Blood smears from all febrile patients (>38.0 ºC) admitted to Lwak Mission Hospital and from all children admitted to Bondo District Hospital were prepared, Giemsa-stained and checked for malarial parasites by light microscopy. At the five other study facilities, such blood smears were prepared at the clinician's discretion. Although there was no routine testing of inpatients for HIV, some enrolled patients were checked for HIV as part of a case-control study of influenza risk factors.10
Data analysis
Rates were calculated using age-specific population projections for Bondo district from the 1999 census, assuming an annual growth rate of 1.8%.18 Adjustments were made for the proportion of eligible patients who did not have a swab taken (because the patient refused, or was admitted when surveillance staff were not available, or left the hospital or died before specimens could be collected) and for the proportion of patients from whom swabs were taken but not tested for influenza virus. These adjustments were made separately for each health facility and included in the study, each age group considered and by season (high in May-October, low in November-April), each time assuming that the proportion of the enrolled but untested patients who were infected with influenza virus was the same as the corresponding proportion of tested patients who were found positive for influenza virus RNA. The binomial distribution method was used to calculate 95% confidence intervals (CIs) around each rate.19 Case-fatality rates (CFRs) were estimated, with similar adjustments for the proportion of eligible patients who had swabs tested, age group, season and health facility. The categorical variables were compared by means of χ2 tests. Stata version 11 (StataCorp. LP, College Station, USA) was used for all data analyses.
Ethical review
This surveillance project was approved by the KEMRI National Ethical Review Committee and exempted, as non-research, by the CDC Institutional Review Board. Written informed consent was obtained from all adult participants and from the parents or legally authorized representatives of the enrolled children.
Results
Between June 2007 and May 2009, 3924 patients were hospitalized with respiratory illness and enrolled in the present study (Table 1). Most (58.6%) were children aged <5 years. The median length of stay was 2 days. Although nasopharyngeal and oropharyngeal swabs were collected from 2389 (60.9%) of the patients with respiratory illness, only the swabs from 2079 (87.0%) of these patients were tested (Table 1); the swabs from the other 310 patients were not of adequate quality to be tested or were mislaid. When the enrolled patients from whom swabs were collected were compared with the other enrolled patients, no marked differences were seen in terms of demographic characteristics or median length of hospital stay. Although those who had swabs collected had a slightly higher CFR, the difference was not statistically significant (3.6% versus 2.7%; P=0.12). The proportion of eligible patients who were swabbed was much smaller in the Lwak Mission Hospital than in the other six study facilities (20.3% versus 89.2-98.8%; P<0.001 for each pair-wise comparison; Table 2).
Influenza virus RNA was detected in 204 (9.8%) of the 2079 swabs tested; 177 (8.5%) and 28 (1.3%) of the swabs tested were PCR-positive for influenza A virus and influenza B virus RNA, respectively. One patient's swab was positive for both influenza A and B virus RNA (Table 1). Influenza virus RNA was detected in 6.8% and 14.0% of the swabs from patients aged <5 and >5 years, respectively. Four patients with PCR-confirmed influenza - three children aged <5 years and one older patient (giving a CFR of 3.6% and 0.8% for the two age groups, respectively) - died. The overall CFR was similar for patients who tested positive and negative for influenza virus (2.0% versus 3.7%; P=0.24). The subtypes of influenza virus were successfully identified for 25 patients infected with influenza A virus: 18 harboured H3N2 and 7 carried seasonal H1N1 (although the first case of A(H1N1)pdm09 in Kenya was not identified until late June 2009, after surveillance for the present study had ended)12.

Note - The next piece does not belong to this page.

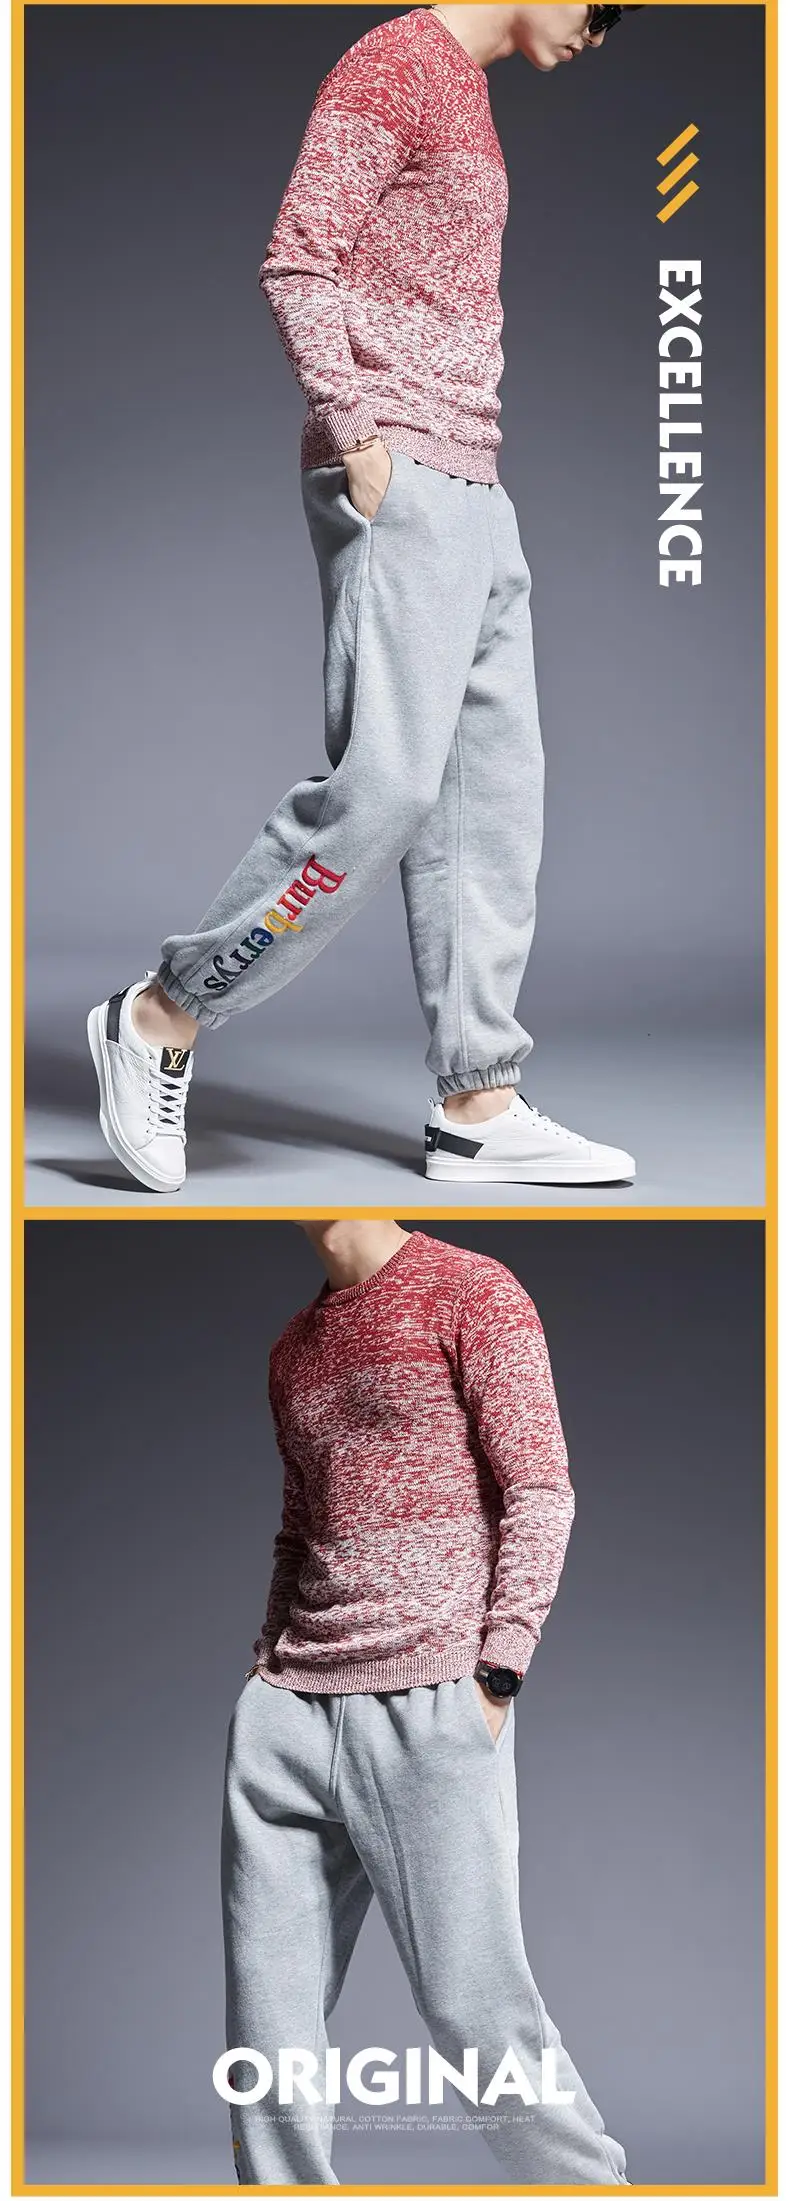 2019 новый модный брендовый свитер мужские пуловеры с круглым вырезом Slim Fit Джемперы Knitred Топ класс зима корейский стиль повседневная мужская
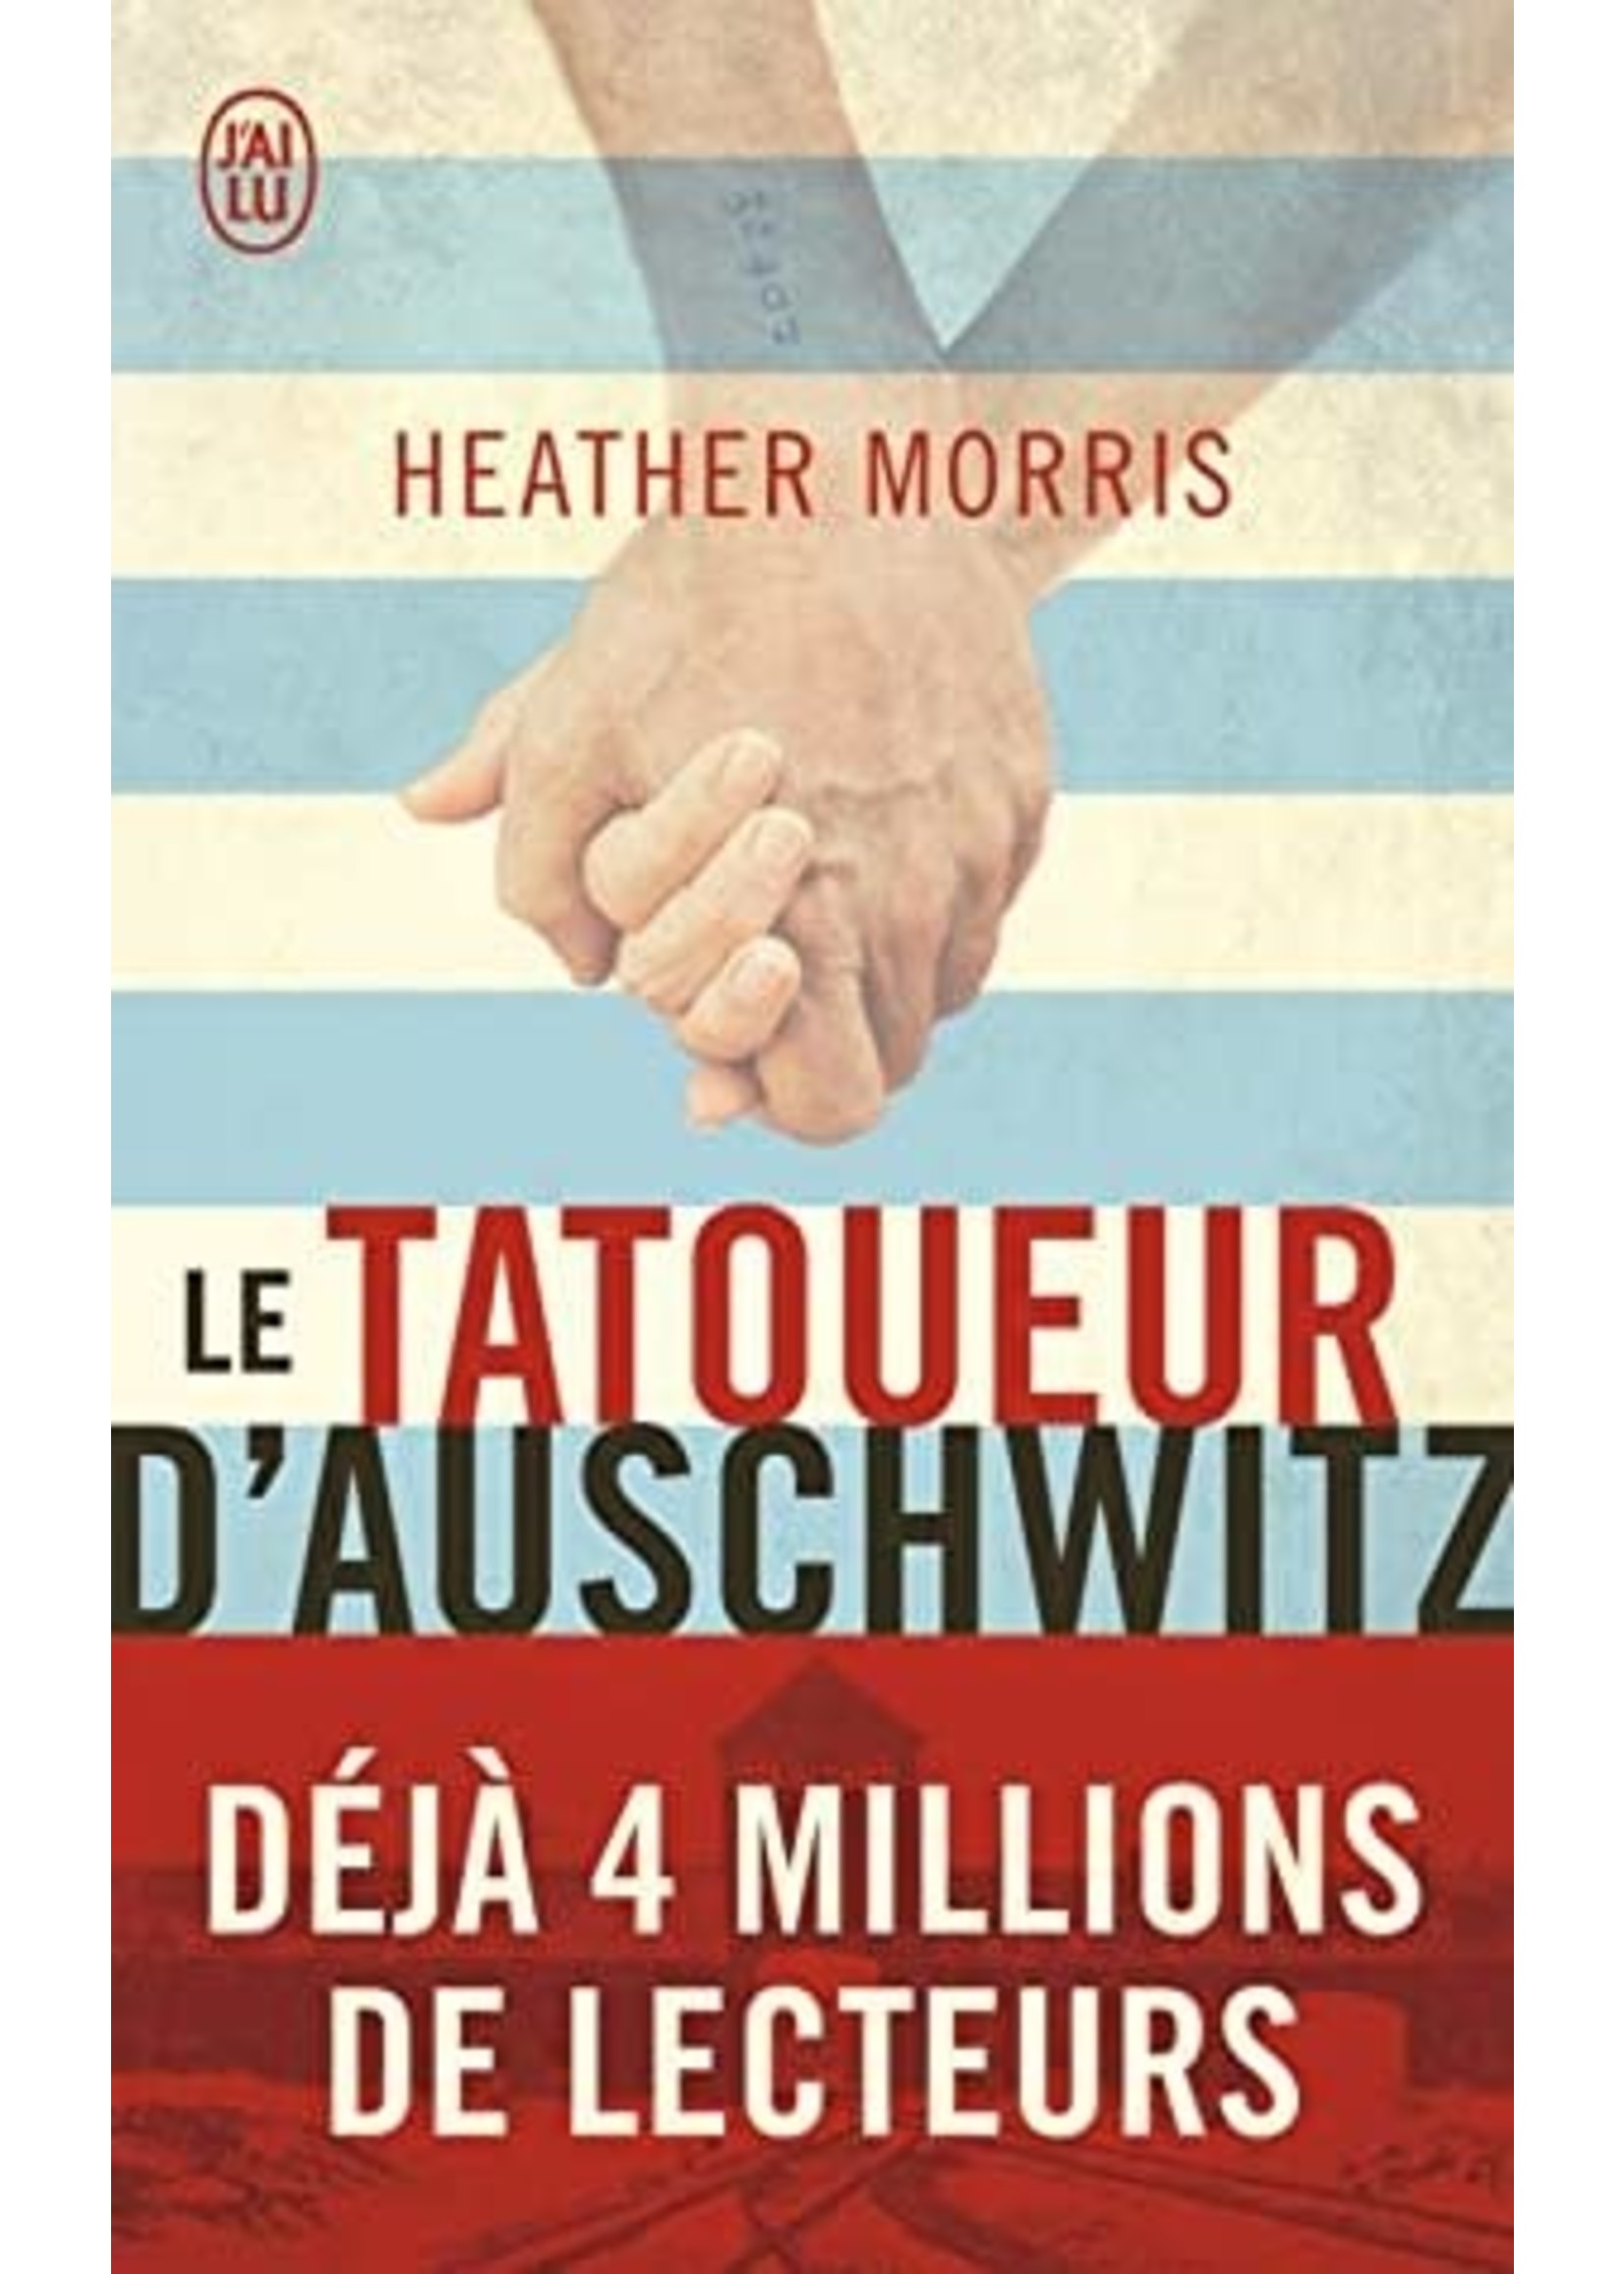 Le Tatoueur D'Auschwitz by Heather Morris

Females accounted for slightly more than half of the patients with respiratory illness (54.3%), influenza A virus (59.3%) or influenza B virus (67.9%). The median age of patients admitted with respiratory illness was 3 years (range: 2 days to 99 years; (Table 3). The patients found infected with influenza A virus were generally younger than those found infected with influenza B virus, with median ages of 6 years (range: 1 month to 77 years) and 26.5 years (range: 6 months-80 years), respectively. Overall, 53 patients aged >12 years were found PCR-positive for influenza virus and were tested for HIV. Of these, 13 patients (24.5%) - all from the 22 patients aged >18 years - were found to be HIV-infected. The cases found infected with influenza virus had been ill for a median of 4 days when their swabs were collected. Such cases were less likely to have presented with fever (i.e. a body temperature of at least 38.0 ºC) than the patients found negative for influenza virus (17.2% versus 27.6%; P<0.01).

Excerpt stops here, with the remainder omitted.